§ Dataset entries:
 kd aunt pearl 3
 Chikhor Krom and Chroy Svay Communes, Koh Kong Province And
* * *
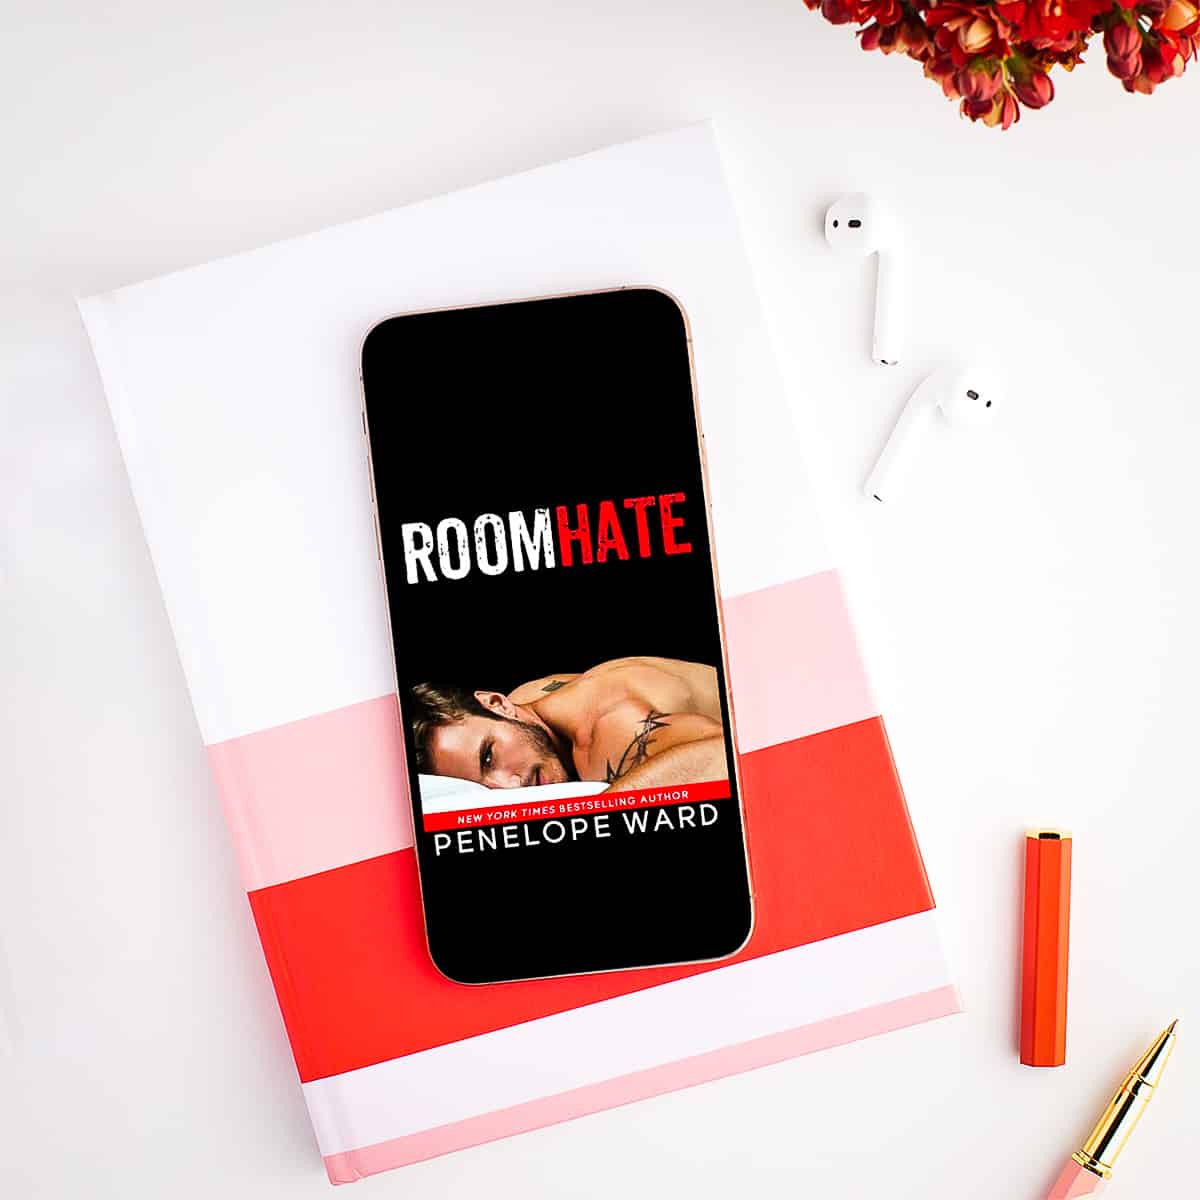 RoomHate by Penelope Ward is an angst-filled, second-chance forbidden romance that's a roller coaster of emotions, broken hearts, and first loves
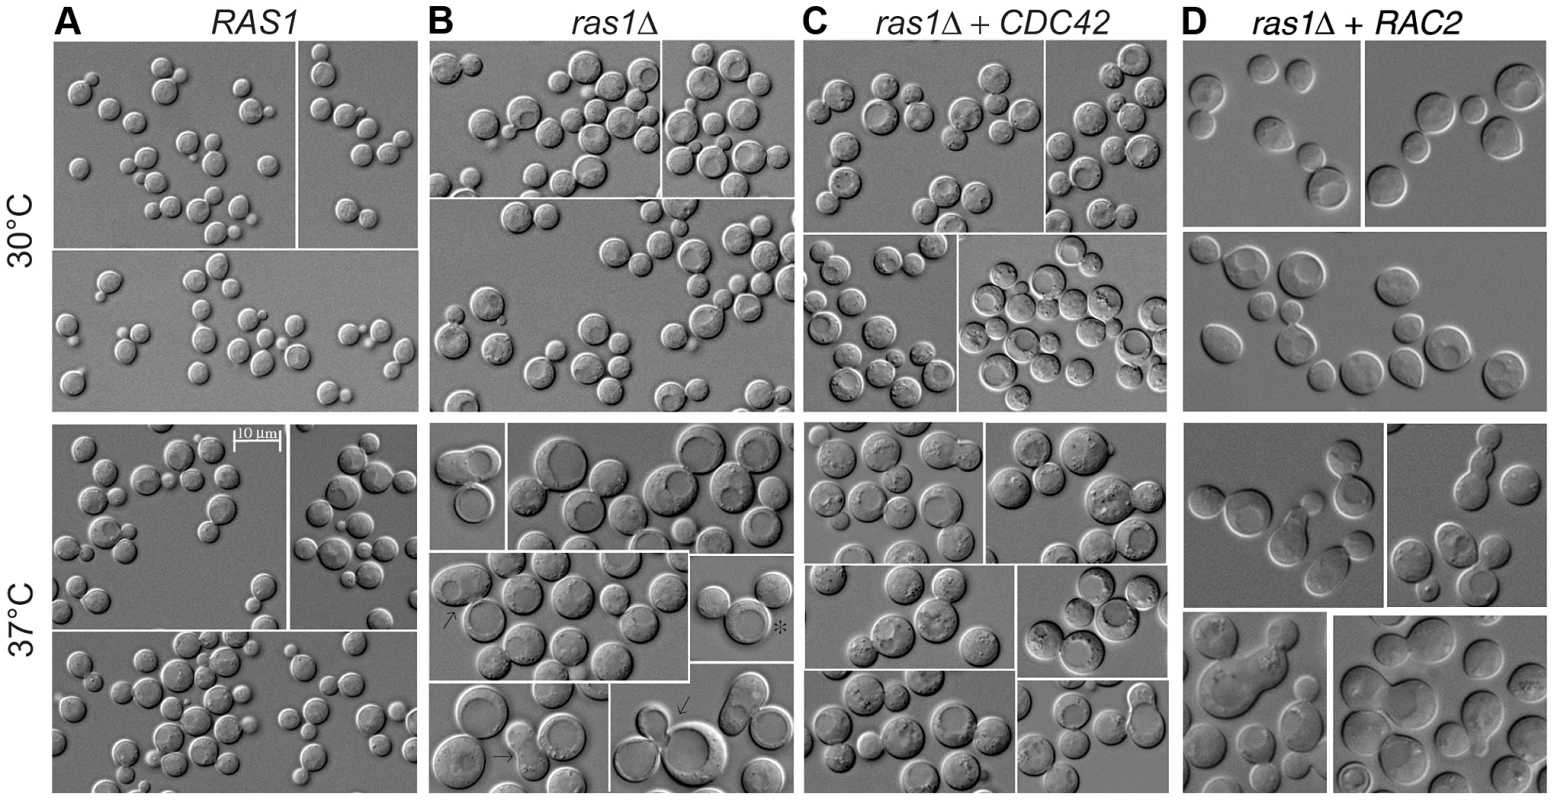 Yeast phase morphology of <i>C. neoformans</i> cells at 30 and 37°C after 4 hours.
--
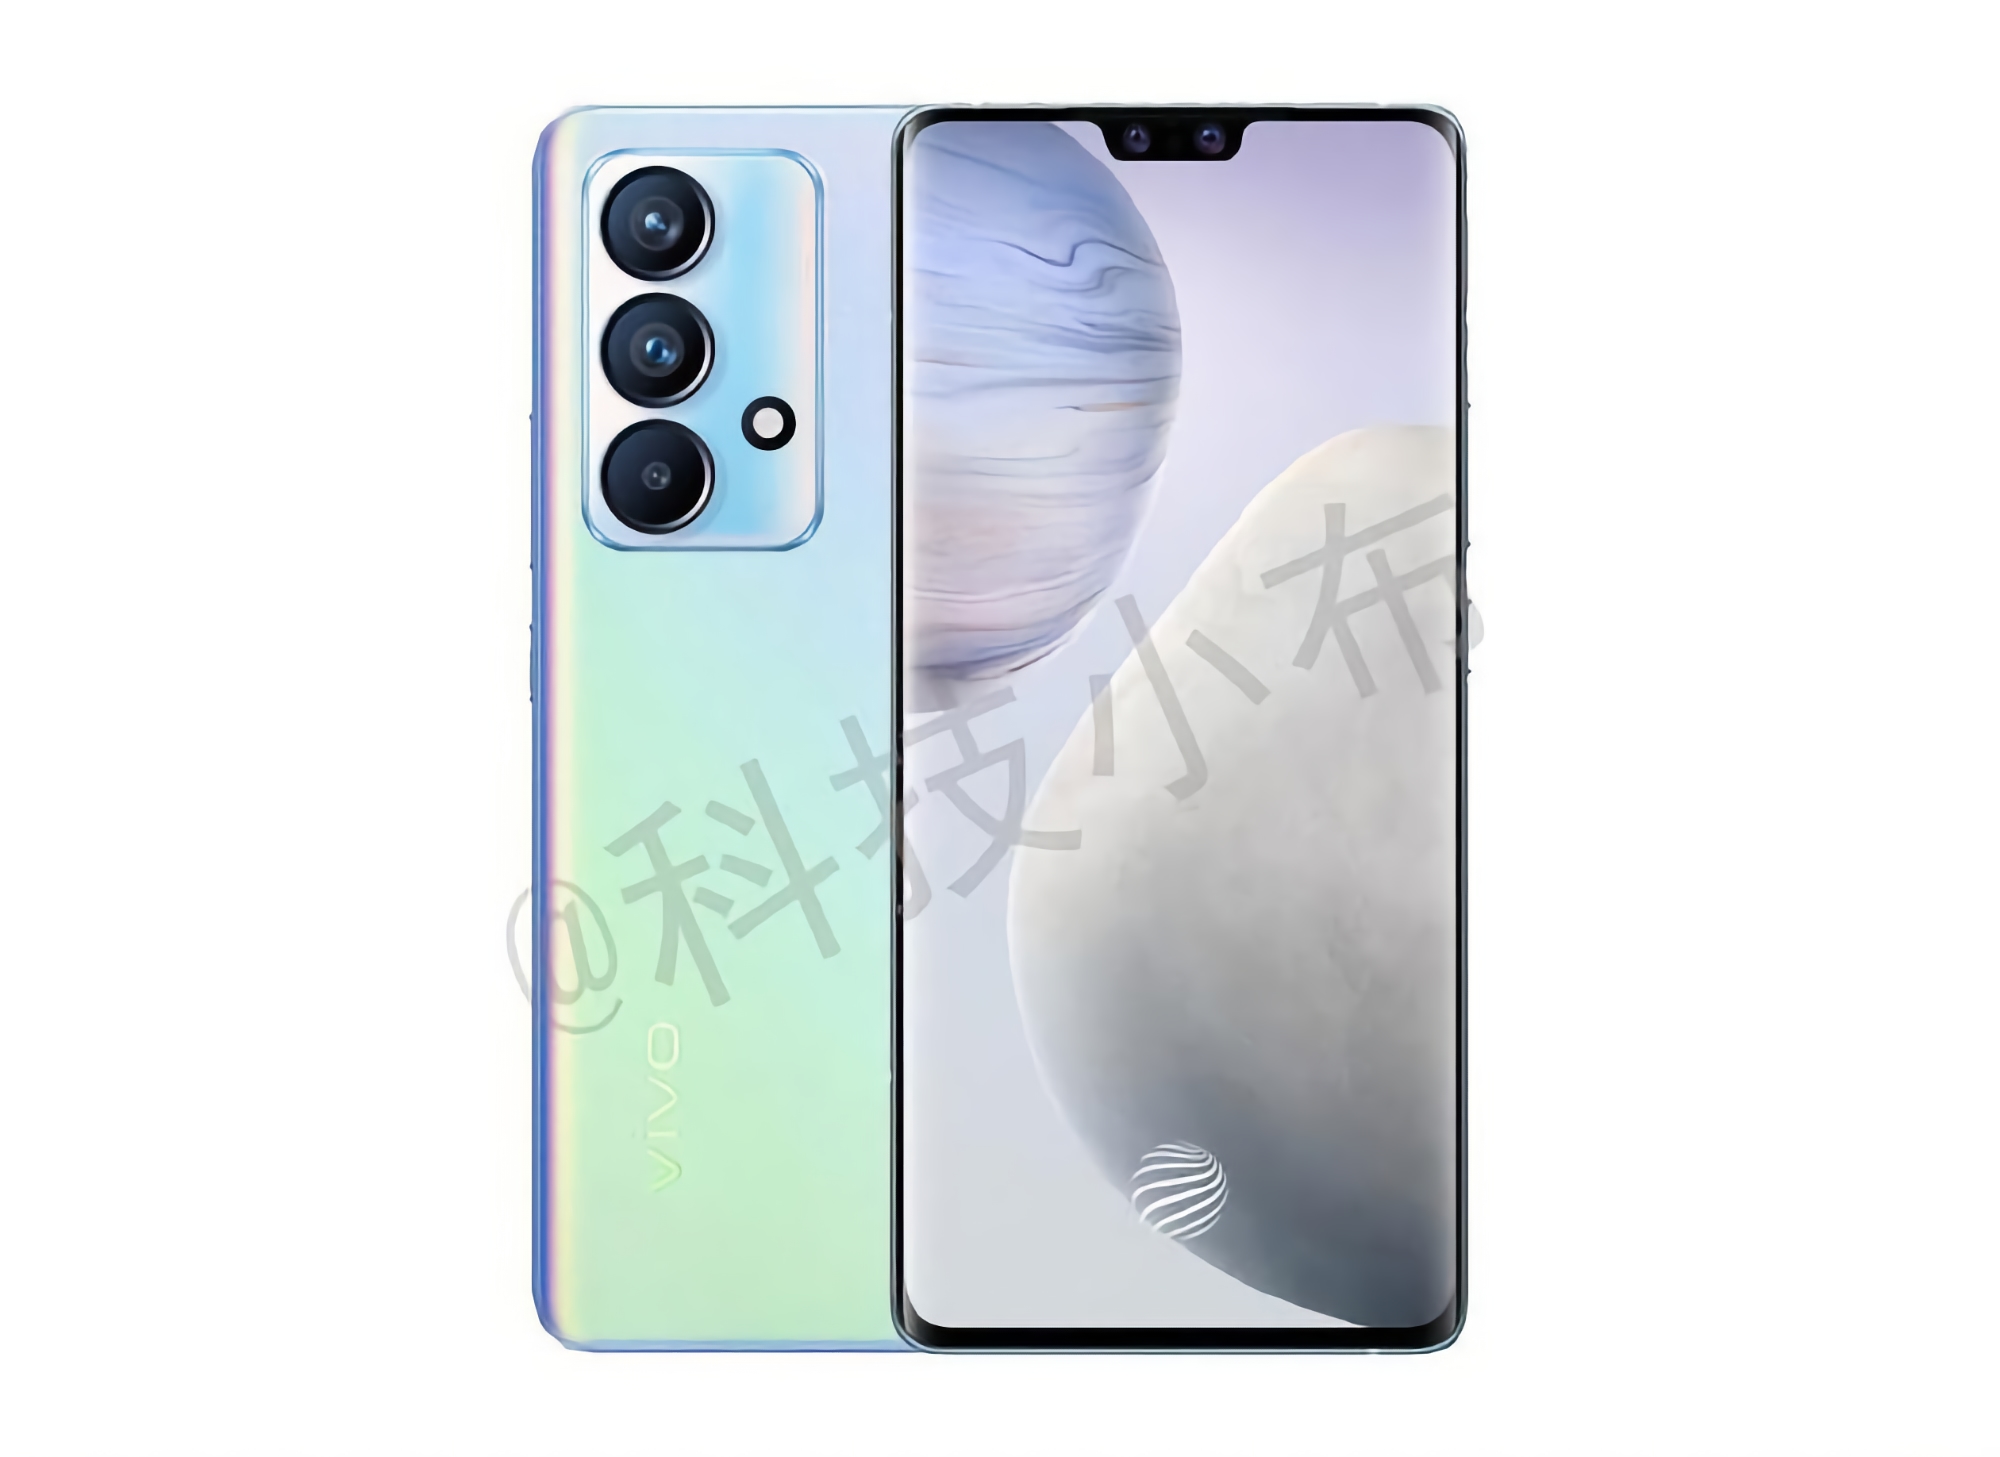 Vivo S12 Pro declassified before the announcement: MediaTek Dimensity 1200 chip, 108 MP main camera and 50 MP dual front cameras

§ What the task asks:
When you reach the line holding "kd aunt pearl 3" in the records above, begin reproducing exactly, stop after the line holding "Chikhor Krom and", and output nothing else.

§ Result of the exercise:
 kd aunt pearl 3
 Chikhor Krom and Chroy Svay Communes, Koh Kong Province And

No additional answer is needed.